# May be a stupid question but....



## gilly6993 (Jul 13, 2010)

I just purchased a S&W 629 Perfromance Center Revolver....A friend gave me a box of Federal 44 S&W Special Pistol Cartridges.....can I use them in a revolver?....thanks!


----------



## VAMarine (Dec 25, 2008)

Yes, you can shoot .44Spcl in a .44Mag.


----------



## Frank45 (Feb 21, 2010)

VAMarine said:


> Yes, you can shoot .44Spcl in a .44Mag.

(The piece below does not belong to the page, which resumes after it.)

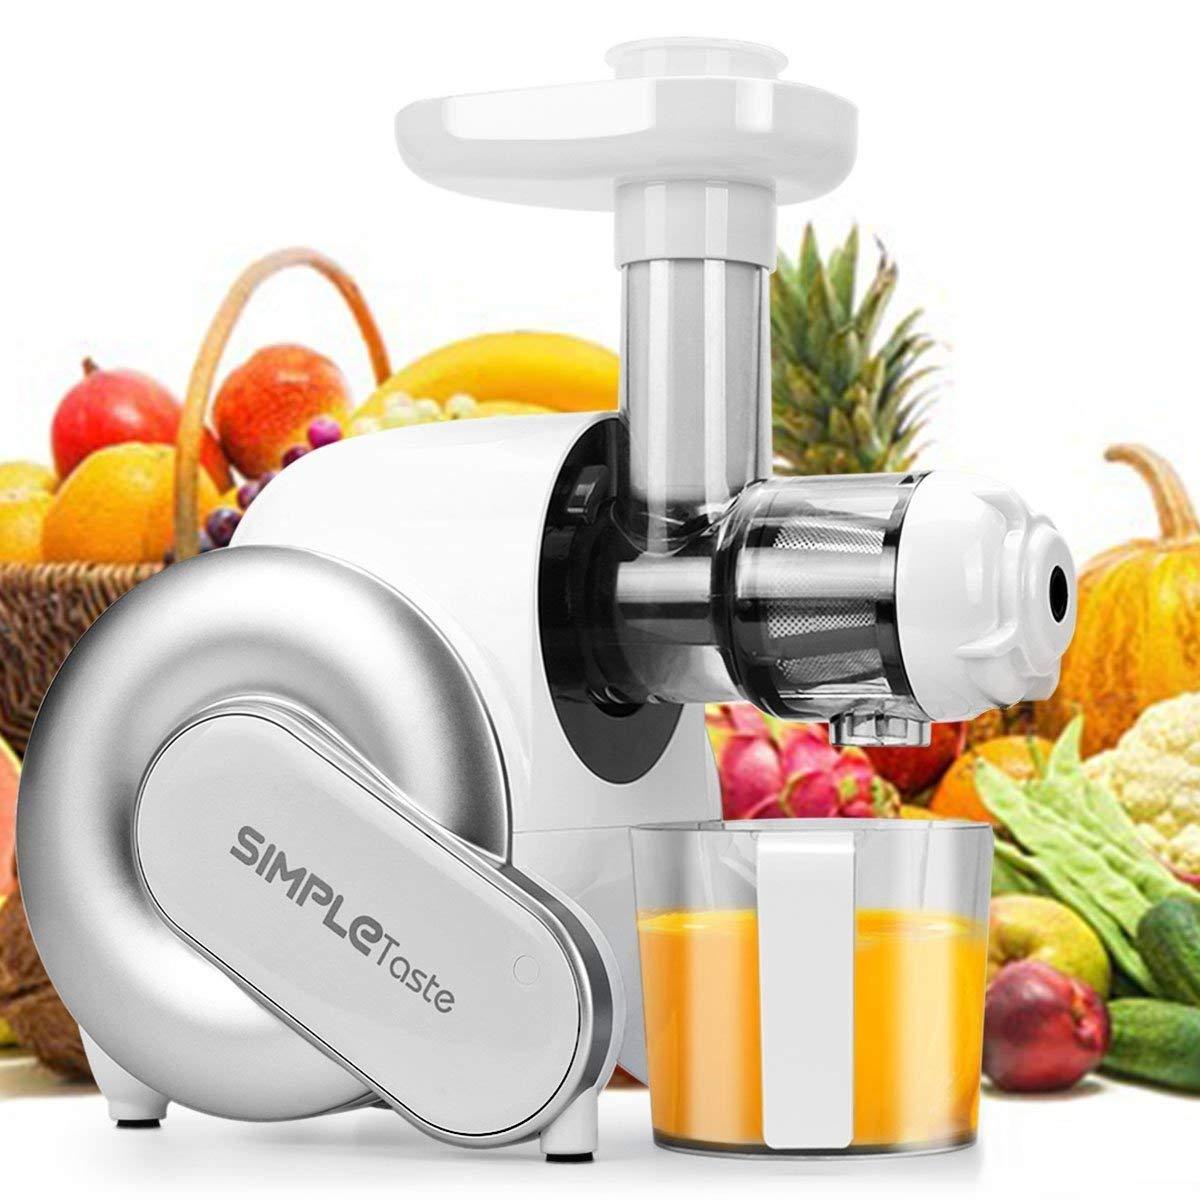 SimpleTaste Licuadoras Para Verduras y Frutas,Licuadora de Prensado en Frío con Función inversa,
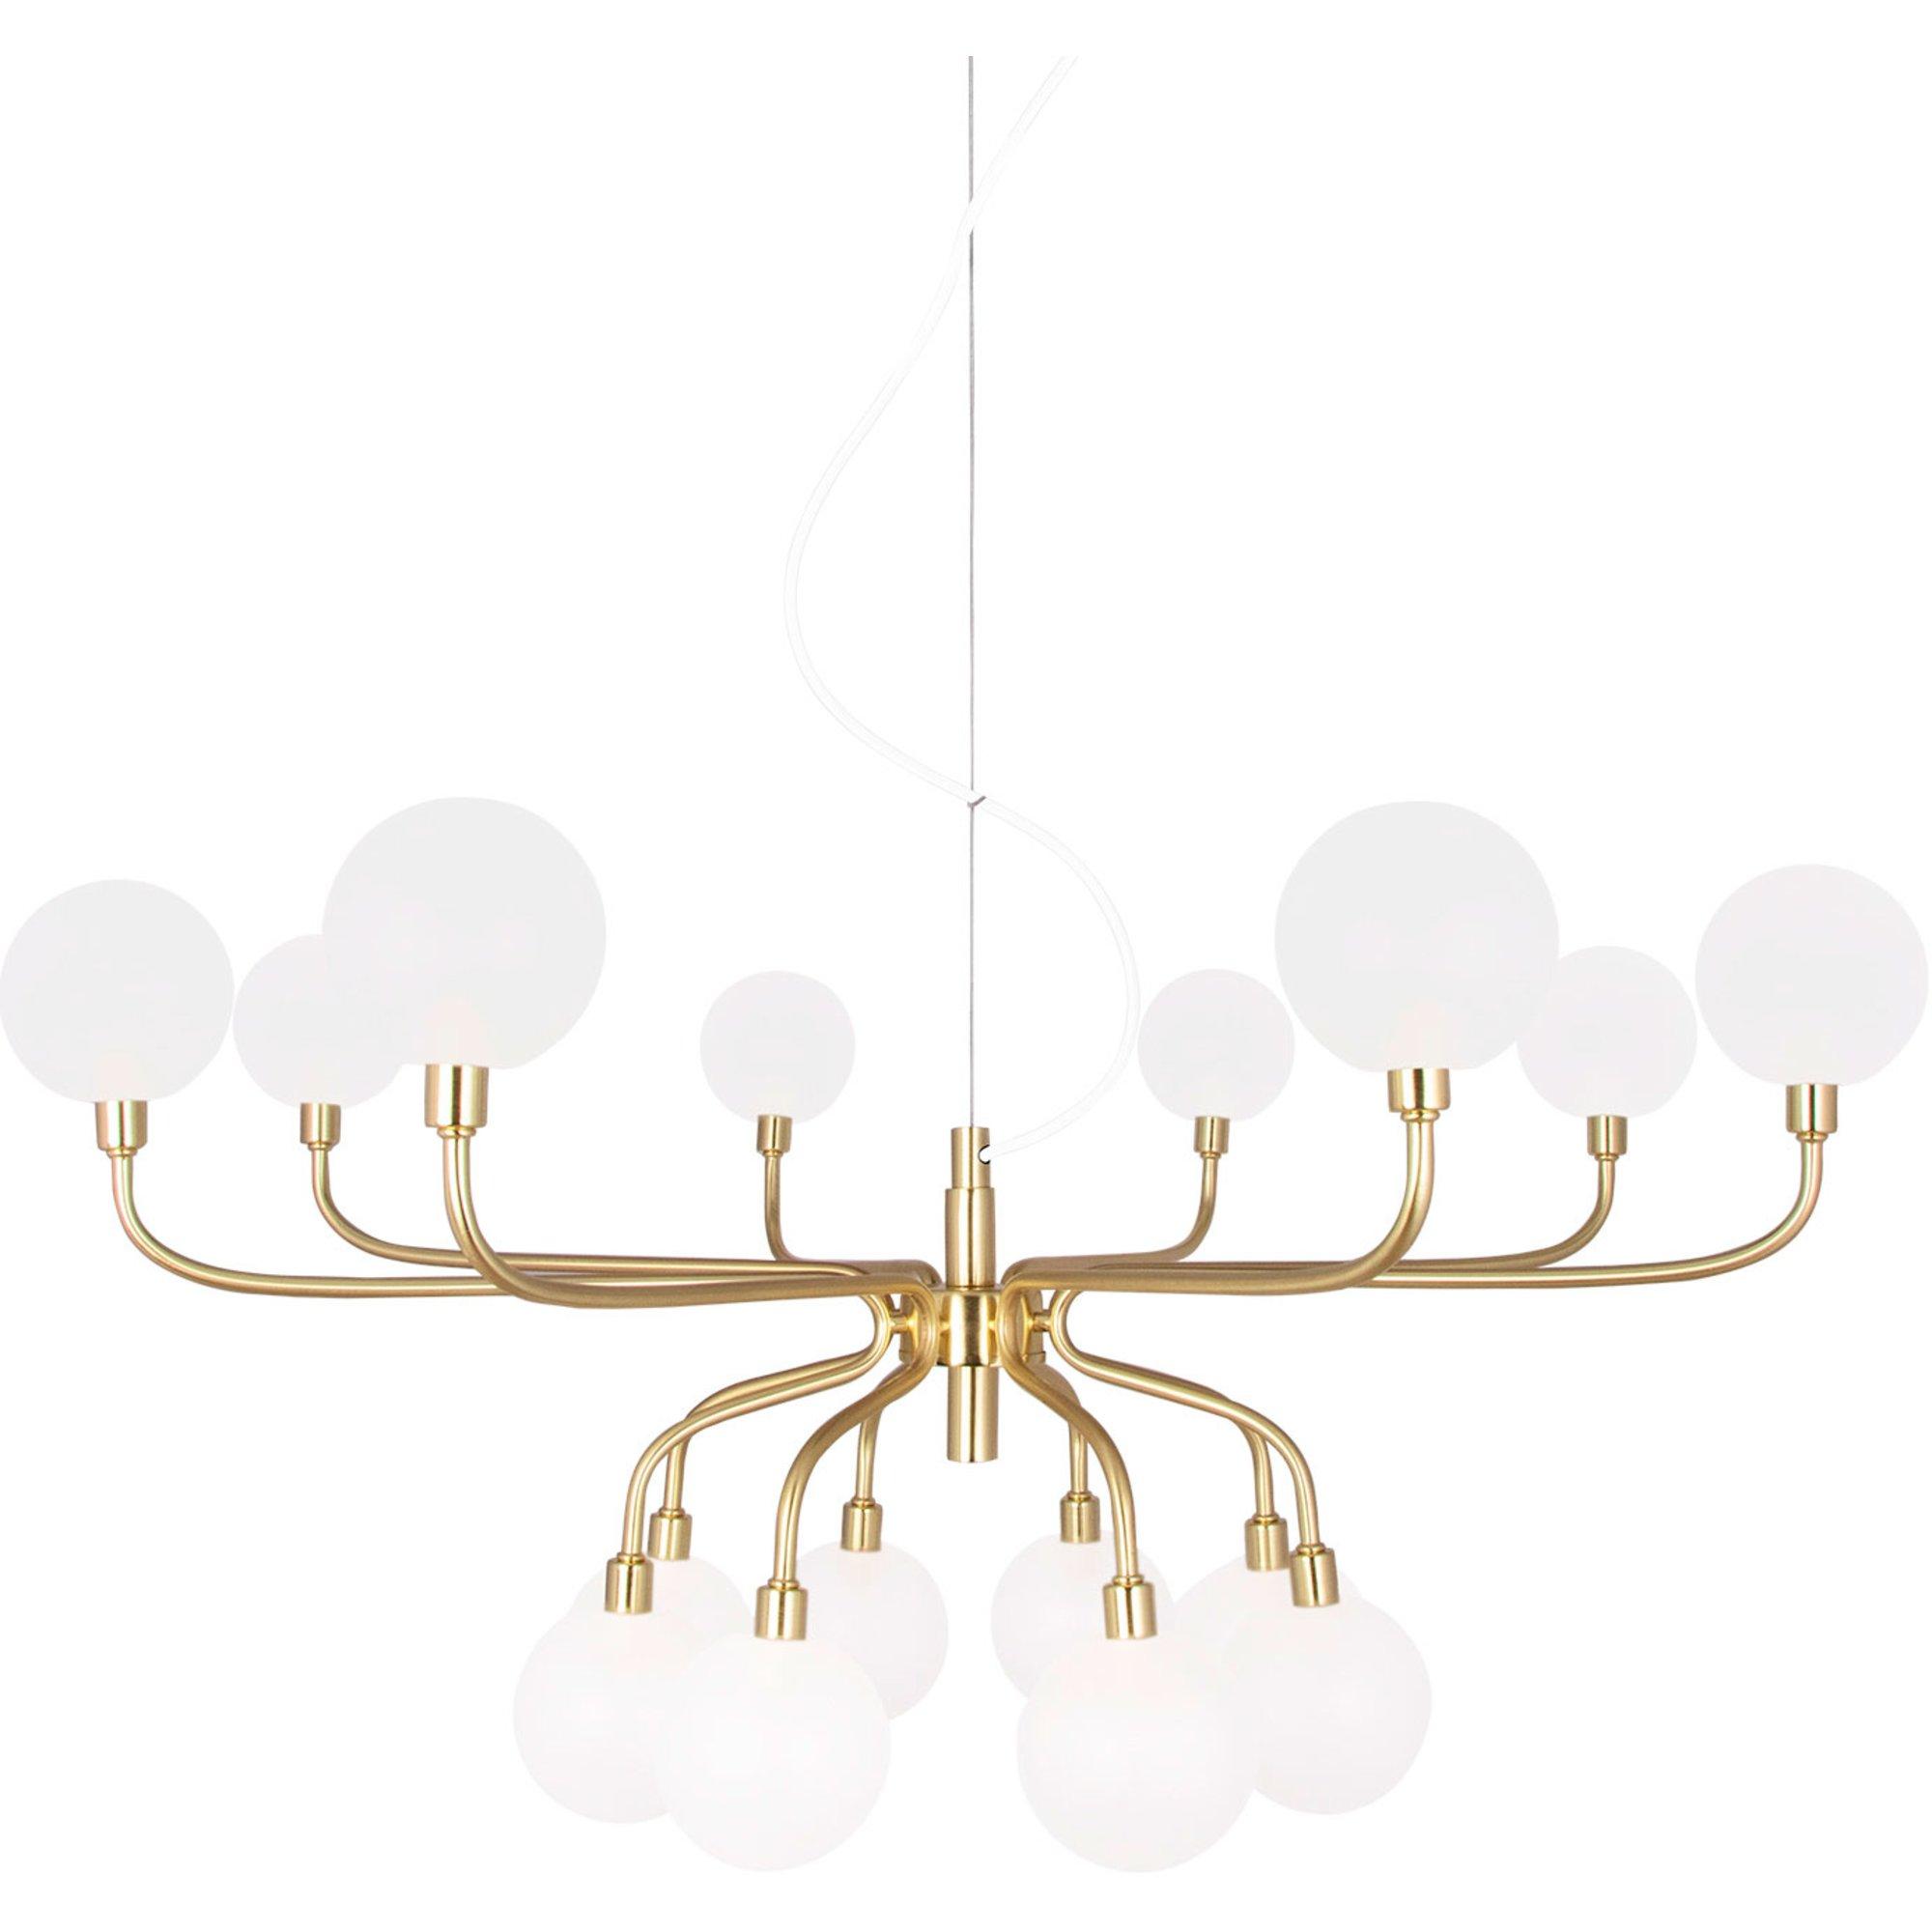 Globen Lighting Mandrino Pendel borstad mässing

And if I may add...they are alot easier to handle.
How about some pictures.


----------



## dondavis3 (Aug 2, 2009)

Yeah, pictures - that ought to be a pretty gun. :smt082

:smt1099


----------



## Shipwreck (Jan 26, 2006)

Yes, I have considered getting a 44 one day - if I did, I would likely only shoot 44 specials in it...


----------



## Bob Wright (May 10, 2006)

I do like the Model 29. Yes, you can shoot .44 Specials in your gun. But I'll bet once you try a few Magnum rounds at long range, you'll get hooked on them.










These are my Model 29's.

Bob Wright


----------



## Frank45 (Feb 21, 2010)

Bob Wright said:


> I do like the Model 29. Yes, you can shoot .44 Specials in your gun. But I'll bet once you try a few Magnum rounds at long range, you'll get hooked on them.
> 
> 
> 
> ...


Right you are Bob, nothing like it.The report, the flash, the recoil, and the end results. Those are right pretty wheel guns.:smt033


----------